Après les propos controversés de Nadine Morano, députée européenne, en octobre 2015, « Nous sommes un pays judéo-chrétien, le général de Gaulle le disait, de race blanche, qui accueille des personnes étrangères », Charlie Hebdo avait publié en couverture un dessin la caricaturant en « fille trisomique cachée » du général de Gaulle.
Relaxe pour Charlie Hebdo
Poursuivi ensuite pour « injure et provocation à la haine et à la discrimination » par le Collectif contre l'handiphobie, Laurent Sourisseau, alias Riss, auteur du dessin et directeur du journal, a été relaxé par la chambre de la presse du tribunal correctionnel de Paris le 10 janvier 2017. A travers ce dessin, son propos était de railler « l'audacieuse » filiation politique invoquée par Mme Morano, avait expliqué le dessinateur face aux juges de la 17e chambre lors de l'audience le 18 novembre 2016. Face à lui, Alexandre Varaut, président du Collectif contre l'handiphobie et père d'un garçon trisomique avait rétorqué : « Le rôle de bouffon est légitime quand il s'en prend aux puissants. Mais il ne faut pas se servir de la faiblesse de nos enfants pour taper sur quelqu'un ». Me de Beauregard, avocat de l'association, avait estimé que « ce dessin fait du trisomique un synonyme de sot. Et c'est vécu comme une invective, une gifle ». De son côté, le parquet avait dressé le constat suivant : « Les limites de la liberté d'expression n'ont pas été dépassées ».
Coluche pas poursuivi !
Le défenseur historique de Charlie Hebdo, Me Richard Malka, avait affirmé : « On demande au tribunal de considérer qu'il n'est plus possible de faire rire avec le handicap.
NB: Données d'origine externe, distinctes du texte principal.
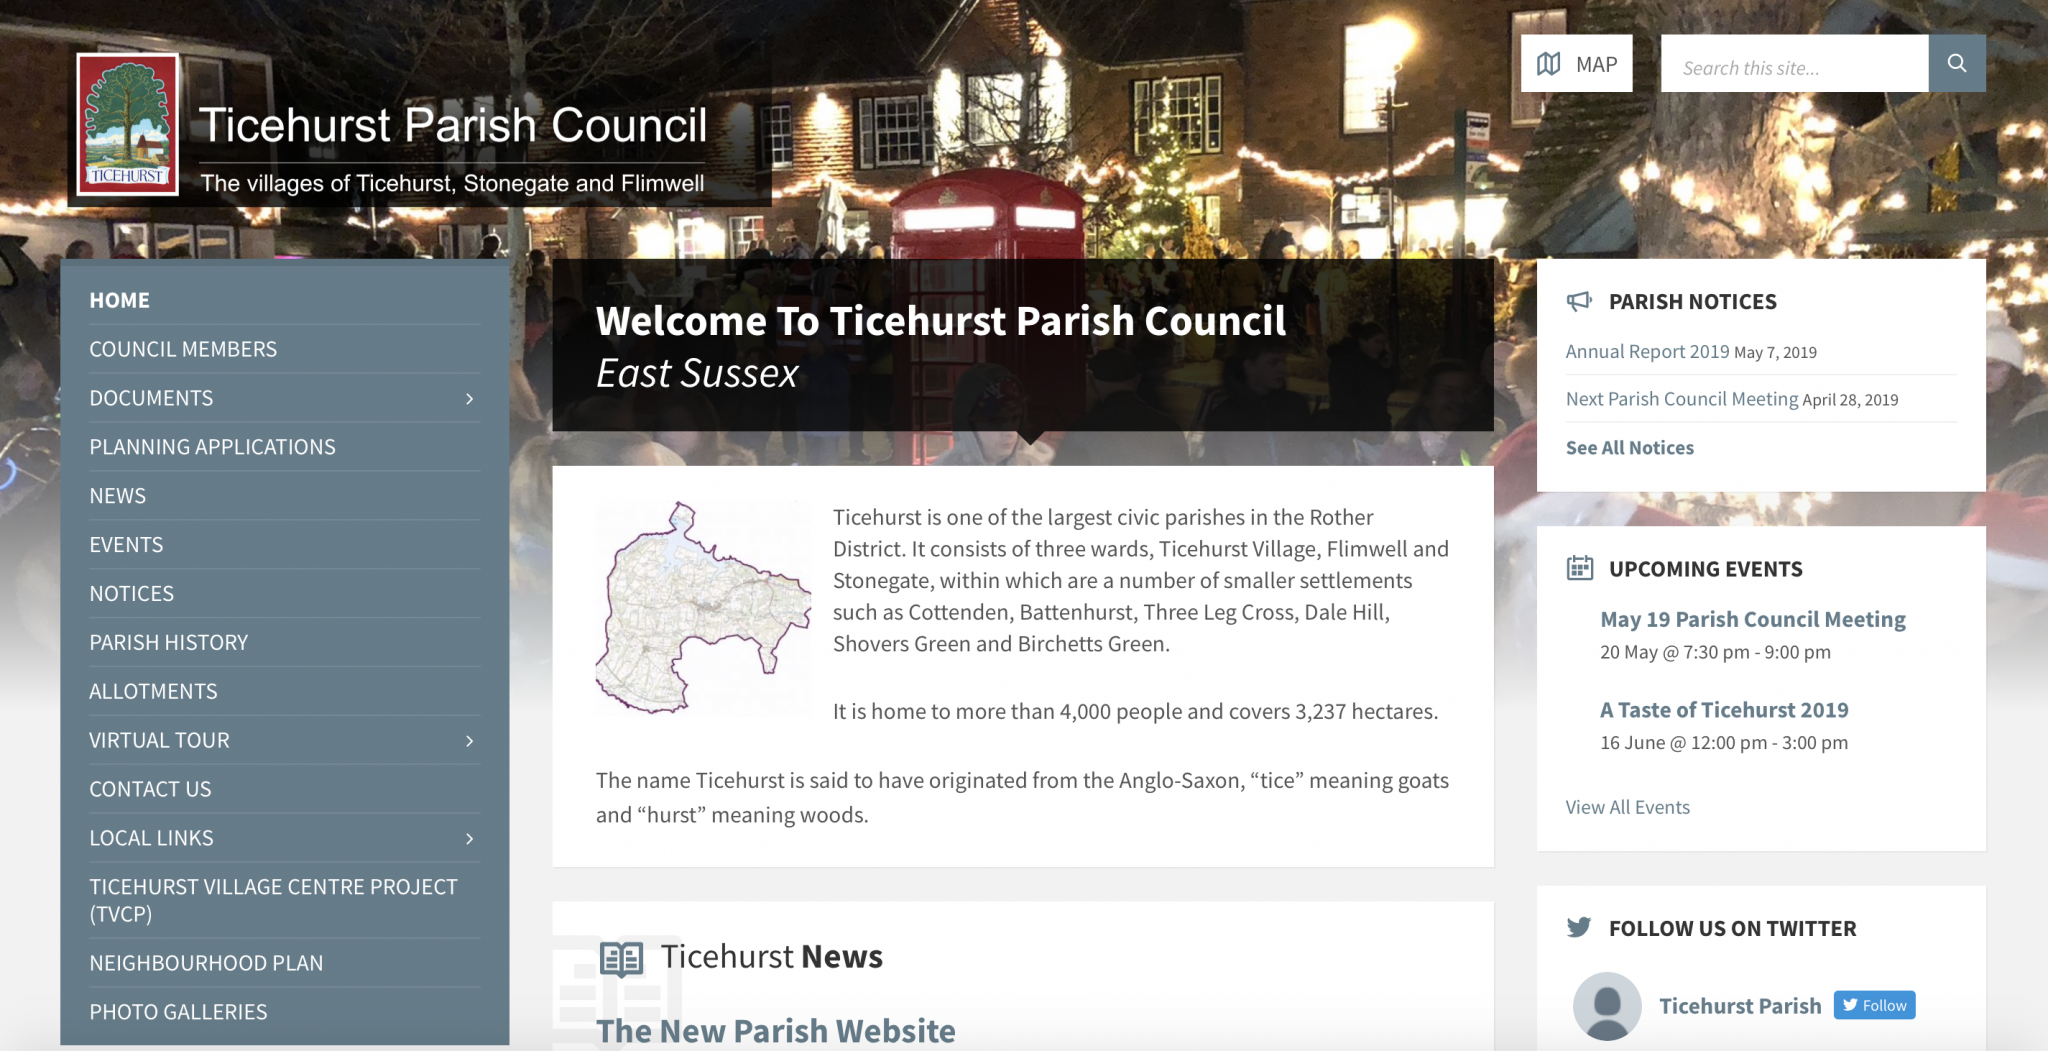 Ticehurst Parish Council Website Design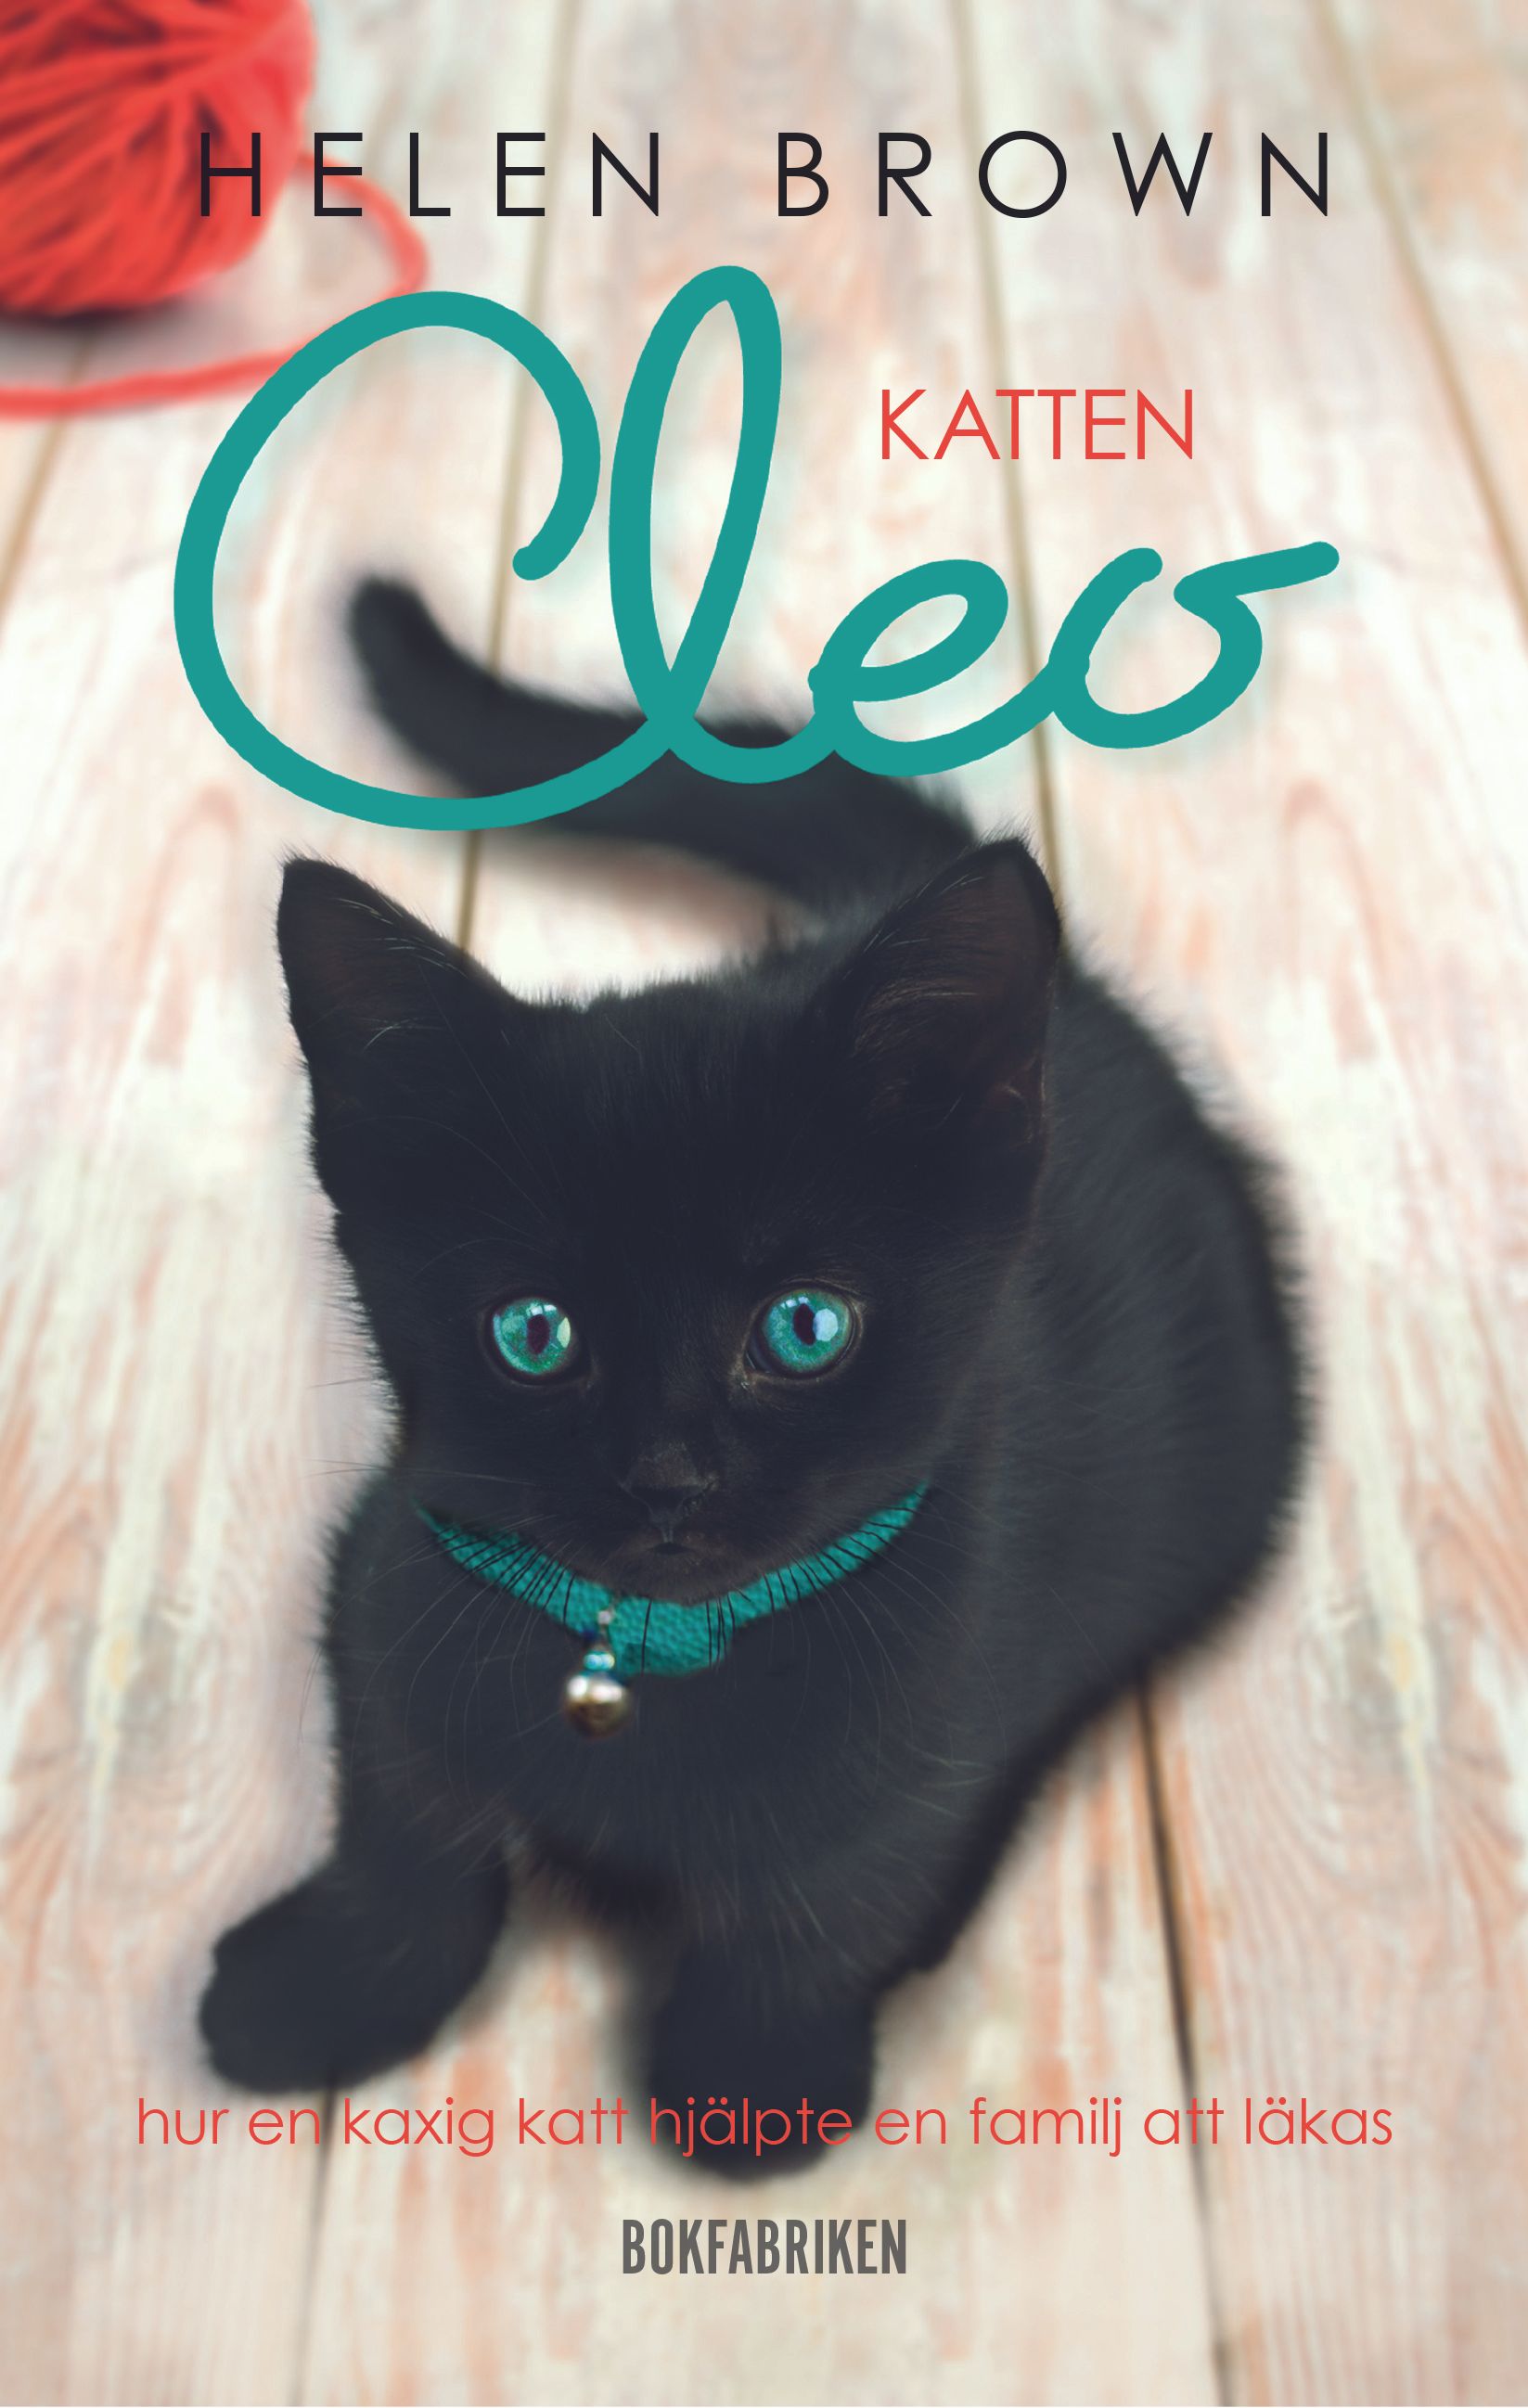 Katten Cleo - Hur en kaxig katt hjälpte en familj att läkas, e-bog af Helen Brown

Nous concevons que ce dessin puisse blesser. Tout comme les caricatures religieuses sont aussi blessantes. La cible de ce dessin est Morano, pas les trisomiques. Le moyen humoristique est le déficit de compréhension. Ce n'est pas un préjugé, pas une incitation à la haine, mais bien une réalité ». Il avait achevé sa plaidoirie en mentionnant une phrase de Coluche : « La hausse du prix du pétrole entraîne des inquiétudes chez les handicapés moteurs ». Et d'ajouter : « Il n'a pas été poursuivi… ». Deux ans après l'attentat qui a décimé la rédaction du journal, l'avocat a voulu rappeler « en cette période de triste anniversaire, que c'est la mission de ce journal d'interroger la société, parfois avec irrévérence. Et, paradoxalement, ce procès prouve aussi que Charlie est bien en vie, n'en déplaise aux Cassandre, et que l'équipe actuelle s'est relevée et continue à porter ses combats dans le journal comme devant les tribunaux ».
Trisomie 21 France pour la liberté d'expression
En octobre 2015, l'association Trisomie 21 France s'était montrée tolérante à l'égard de cette couverture (article en lien ci-dessous). « Les personnes avec trisomie 21 réfléchissent et avancent vers le plein exercice de leurs droits citoyens et des libertés individuelles, notamment la liberté d'expression, expliquait-elle à l'époque. C'est important et nous nous sommes battus pour cela après les attentats de Charlie. » De son côté, estimant qu'« une faiblesse ne doit être ni l'objet ni le moyen d'une moquerie », l'avocat du Collectif contre l'handiphobie a indiqué que l'association ferait appel.